Bone marrow findings in the patient with t-MDS/AML and WM. Lymphoplasmacytoid cells, which have a slightly eccentric nucleus (yellow), and blast cells (red) were found in the patient’s bone marrow

Full size image

At this time, because Ven/Aza [2] was approved as a treatment for AML in Japan, he was treated with Ven/Aza (venetoclax 400 mg/body, days 1–28 and azacitidine 75 mg/m2, days 1–7). Hyperuricemia and hyperphosphatemia associated with laboratory tumor lysis syndrome were found, but these abnormalities improved. After initiation of Ven/Aza treatment, blast cells disappeared and anemia was improved. In addition, splenomegaly tended to improve and serum IgM levels decreased.
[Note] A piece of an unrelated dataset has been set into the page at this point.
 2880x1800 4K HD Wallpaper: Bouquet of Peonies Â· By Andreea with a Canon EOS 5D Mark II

CRi was achieved for t-AML and PR was achieved for WM. WBC, Neu, Hgb, and Plt were 2100/μL, 290/μL, 7.0 g/dL, and 70,000/μL, respectively. Treatment of both t-MDS/AML and WM by Ven/Aza is ongoing.
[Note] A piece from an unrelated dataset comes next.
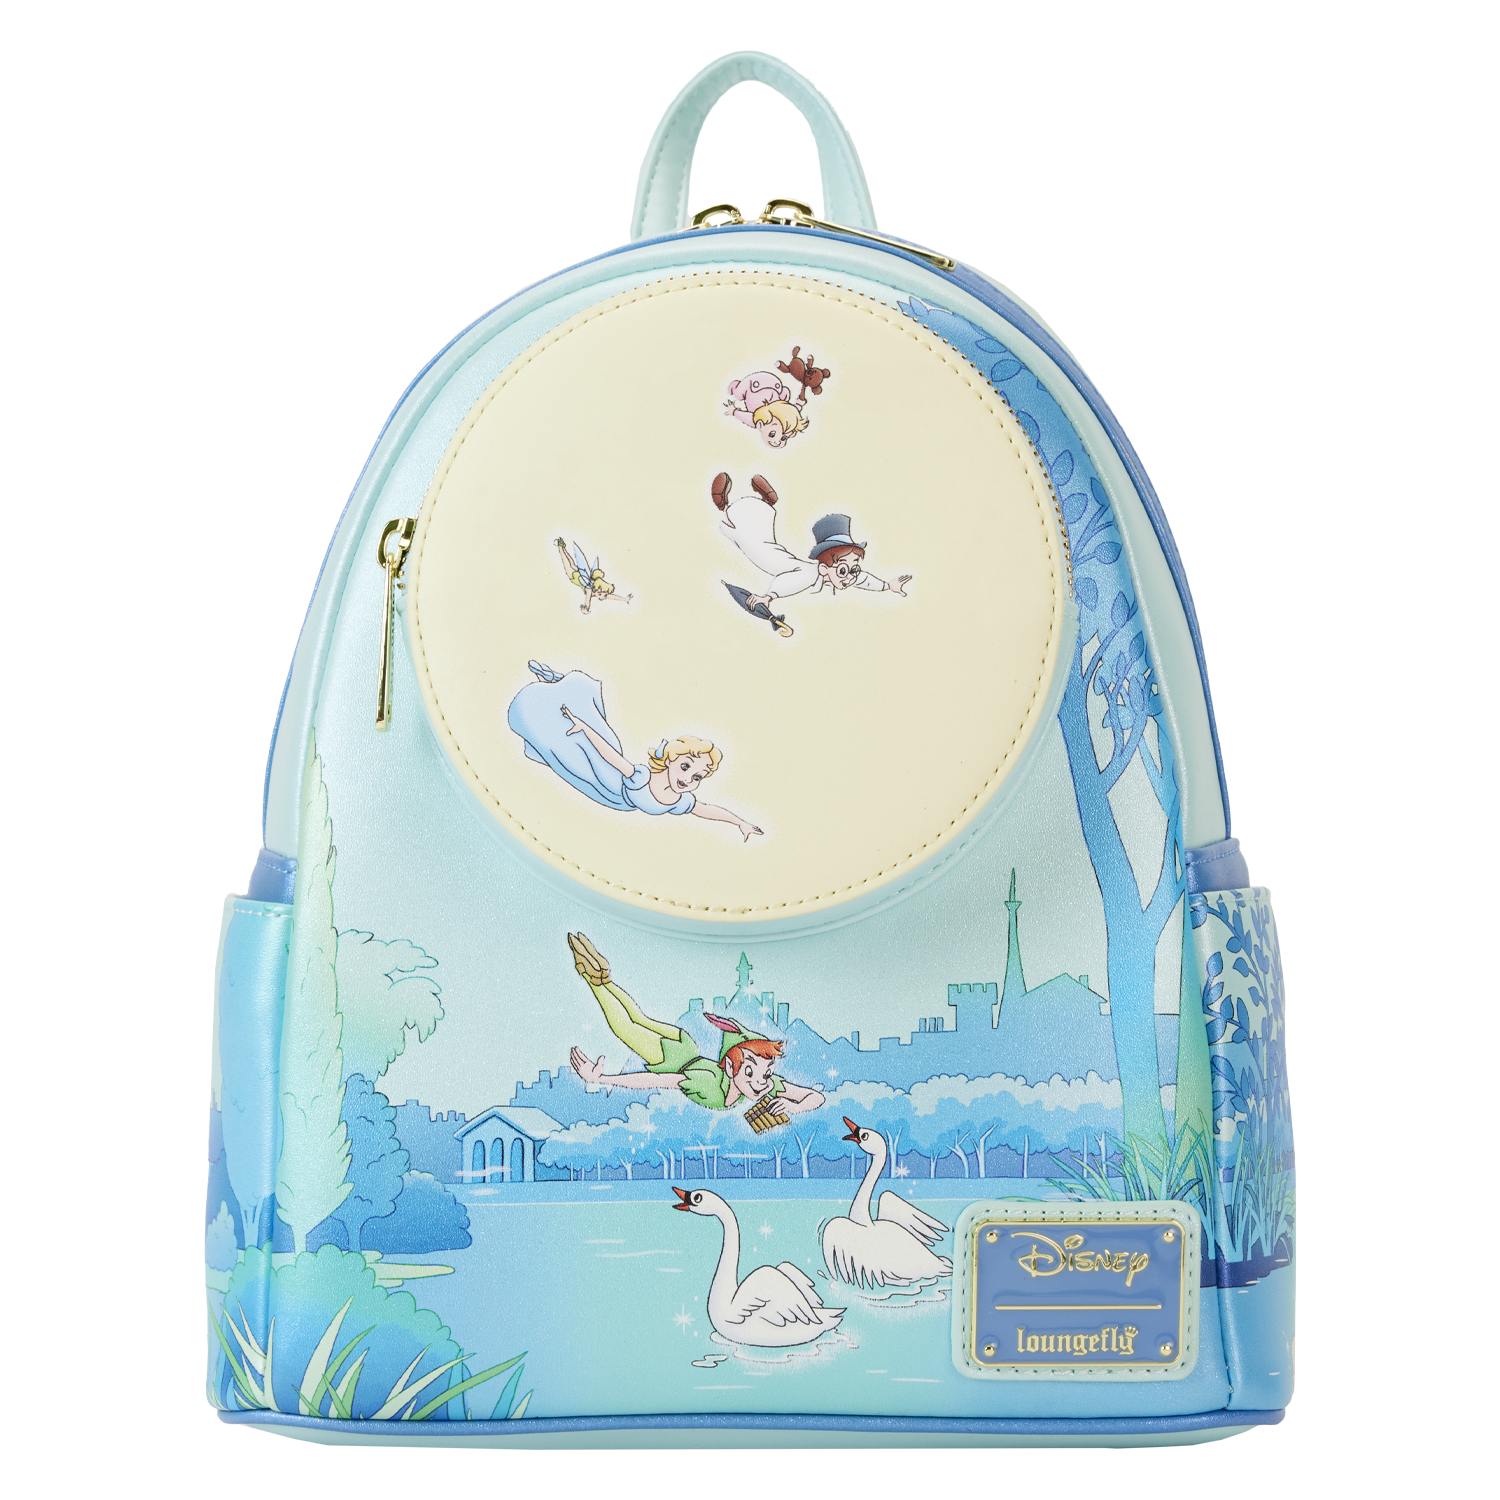 Buy Peter Pan You Can Fly Glow Mini Backpack at Loungefly.

Venetoclax has been suggested to be effective in the treatment of AML, including t-AML [2], and B-cell malignancies including WM [8, 9]. A phase II trial (NCT02677324) evaluating venetoclax in 30 WM patients of whom 15 were previously treated by BTK inhibitors showed overall response rate was 90%, and PFS rate was 82% with a follow-up of 18 months [8]. In these reports, venetoclax monotherapy once daily (800 mg) was administered [8, 9]. In our patient, Ven/Aza according to the VIALE-A study [2], a combination of venetoclax and azacitidine, was also effective against refractory WM.

In conclusion, further data is needed; however, our study suggests that Ven/Aza is an effective treatment regimen for patients with t-MDS/AML with concomitant WM.